Vision-language models (VLMs) excel in general visual understanding and natural language reasoning, but when fine-tuned for autonomous driving action prediction, they suffer from **catastrophic forgetting**—the model loses general reasoning, semantic understanding, and language abilities while learning to generate driving actions. Existing mainstream VLA models (e.g., EMMA, OpenDriveVLA) use numerical labels + full fine-tuning, leading to severe forgetting; dual-system approaches (e.g., Senna) still require full fine-tuning and only moderately alleviate forgetting.

## Core Innovations and System Architecture

### Core Innovations
Extend the VLM2VLA paradigm by representing driving actions as natural language (e.g., "Decelerate to 30 km/h, maintain current lane...") instead of traditional numerical labels (e.g., `<waypoint:0.23,-0.11,0.87>`). Advantages include distribution consistency, lightweight fine-tuning, and knowledge retention.

### System Architecture
1. **VLM Backbone**: Use open-source VLMs like Gemma-3/LLaVA, fine-tune only via LoRA adapters while keeping original parameters unchanged.
2. **Action Linguification Module**: Convert numerical actions into natural language to connect driving data with the VLM.
3. **Lightweight Action Decoder**: Convert natural language into control commands such as waypoints/trajectories; trained independently without affecting the VLM backbone.

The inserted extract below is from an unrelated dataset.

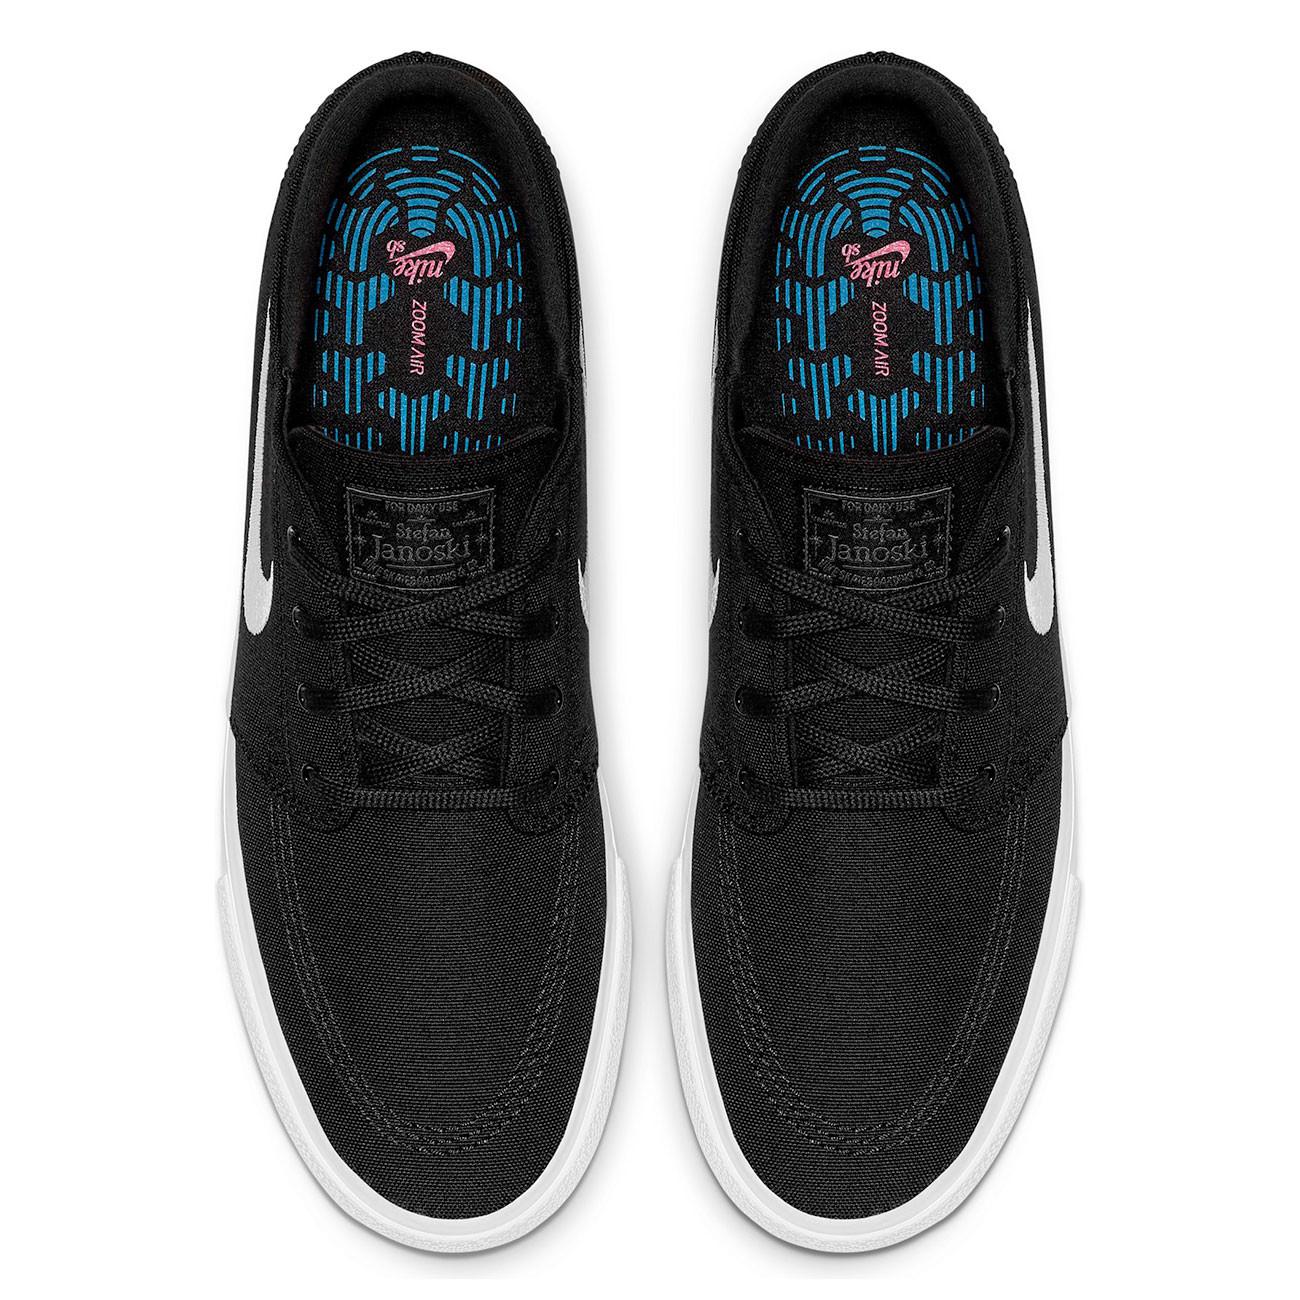 best service 34275 992f3 Sneakers Nike SB Zoom Stefan Janoski Canvas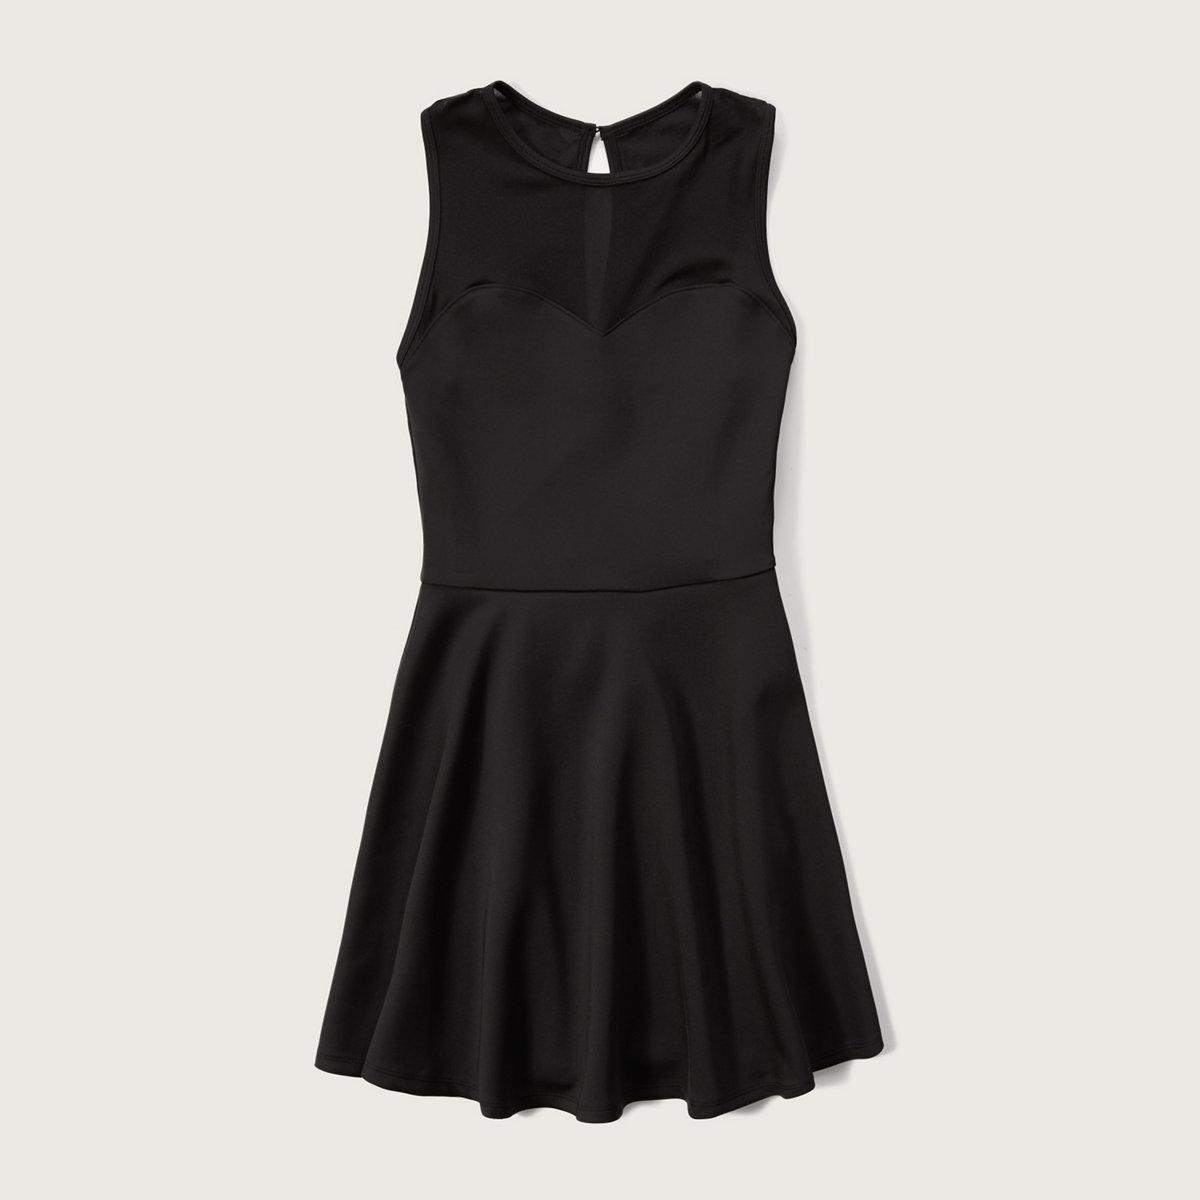 Mesh Yoke Neoprene dress

## Experimental Design and Evaluation Framework

### Dataset
Use nuScenes (multimodal scenes) and Waymo Open Dataset (large-scale high-quality).

### Evaluation Metrics
- **Driving Performance**: L2 displacement error, collision rate, route completion rate.
- **General Ability Retention**: MMMU (multimodal reasoning), MMStar (vision-language benchmark), VQA benchmarks, compared with the original VLM before fine-tuning.

### Ablation Experiments
Three configurations are designed to verify component contributions:
| Configuration | Action Format | Fine-tuning Method |
|---|---|---|
| Baseline | Numerical Label | Full Fine-tuning |
| Ablation 1 | Numerical Label | LoRA |
| Ablation 2 (This Project) | Natural Language | LoRA |

## Method Comparison and Advantages

| Method | Action Format | Fine-tuning Method | Catastrophic Forgetting Degree |
|---|---|---|---|
| Standard VLA (EMMA, OpenDriveVLA) | Numerical Label | Full Fine-tuning | ✅ Severe |
| Dual-system VLA (Senna) | Mixed Format | Full Fine-tuning | ✅ Moderate |
| This Project's Scheme | Natural Language | LoRA Only | ❌ Minimized |

By changing the action representation and fine-tuning strategy, this scheme achieves task adaptation while preserving the model's general capabilities.

## Research Significance and Outlook

### Research Significance
1. **Autonomous Driving Field**: Provides a new idea for VLA training without sacrificing general capabilities.
2. **Catastrophic Forgetting Research**: Alleviates mismatch from the perspective of data distribution and provides a practical solution.
3. **Lightweight Fine-tuning**: Verifies the feasibility of LoRA in complex autonomous driving scenarios.

### Outlook
This study provides insights for neural network transfer learning: changing data representation to match the pre-training distribution can alleviate catastrophic forgetting. As large models are increasingly applied in vertical fields, such research will become more important.